3 min read

Alternative ways to quickly get post-burnin trees from BEAST output from the command line

Evolutionary biologists generally use nice java-written utility programs that come in the standard BEAST distribution to obtain post-burnin trees for summarizing the results of a converged BEAST run (or *BEAST run) that reached stationarity. Usually, only 5,000 to 20,000 trees are necessary for this, and these are typically obtained by cutting out ‘burnin’ trees and then “thinning” trees from “.trees” output files using LogCombiner until the desired number of trees is reached. These post-burnin trees can then be input into TreeAnnotator, where they can be summarized to reveal the topology that is best supported by the posterior distribution of trees, often by creating a maximum clade credibility (MCC) topology with posterior probabilities along each node. Then, FigTree is used to visualize this MCC tree and parameter estimates output by the program (e.g. divergence time intervals).

However, one alternative method for quickly getting post-burnin trees from BEAST output without using LogCombiner or TreeAnnotator would be to do so directly from the command line (e.g. in Terminal on my MacBook). I’ll be exploring some command-line possibilities for doing this here in this post.

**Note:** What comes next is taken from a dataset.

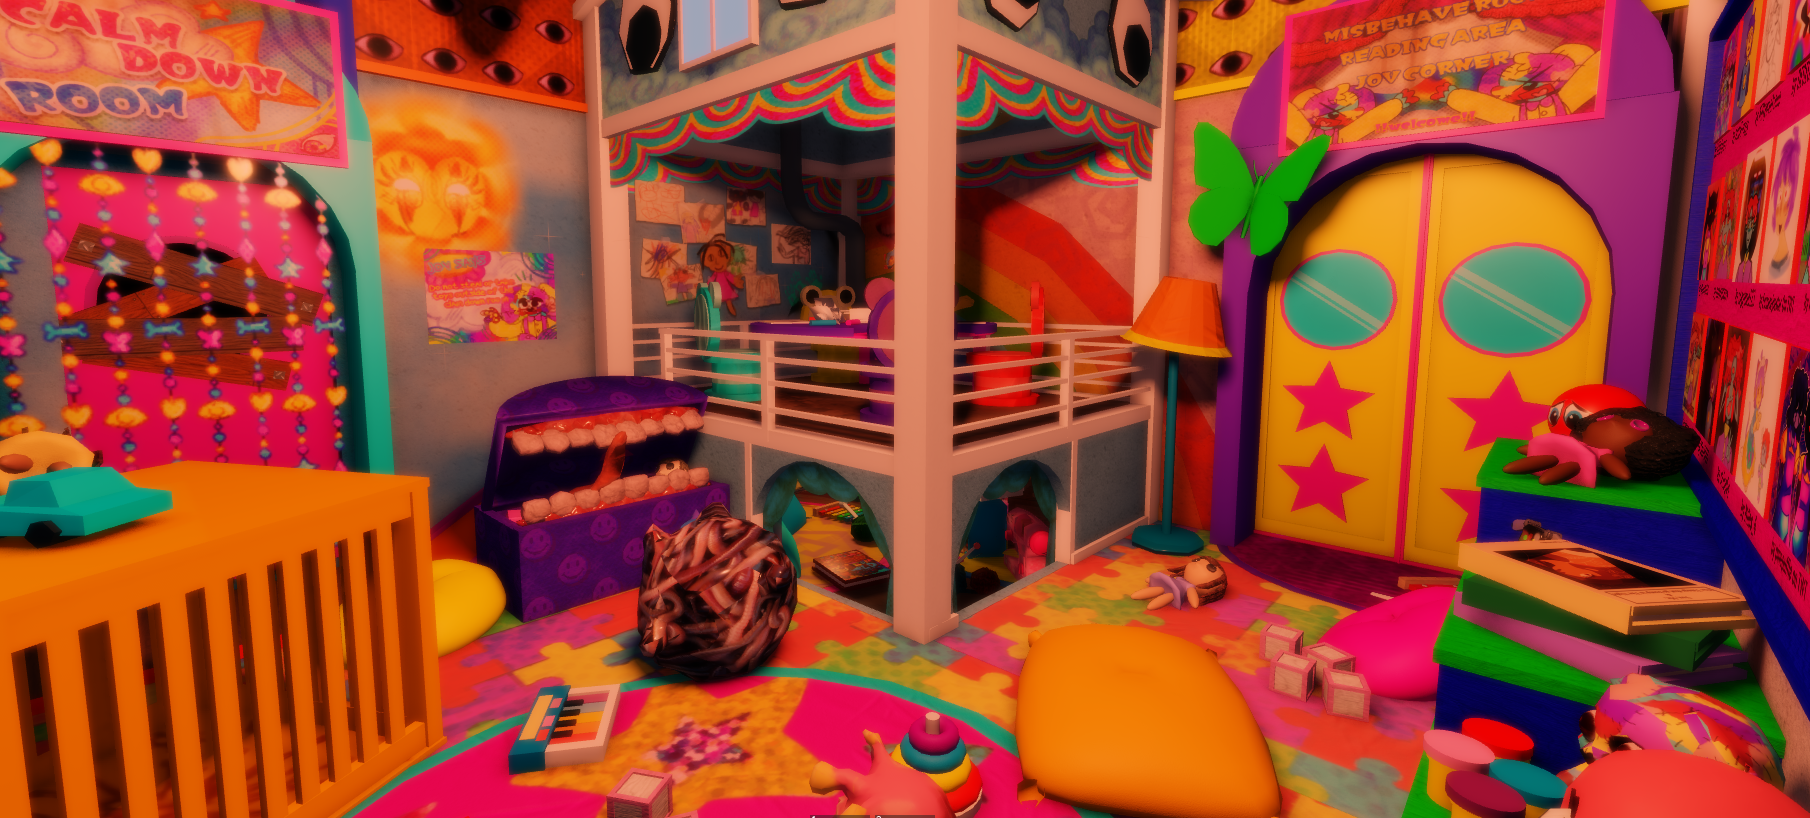 Here are my games; 1: Jovial playground 2: Dream world. #kidcore

Once the resulting treefile from a BEAST analysis is checked in Tracer to confirm that the MCMC has converged and reached stationarity, the file can be manipulated in several ways as follows to grab a random subset of post-burnin trees. In the examples below, we’ll extract 5,000 random trees from the last 20,000 trees from the run (from a treefile called “cytb_gene.trees”) or grab 10k random trees from an entire file, but you can change the size of the chunk of trees that you obtain your random trees from to any size you wish.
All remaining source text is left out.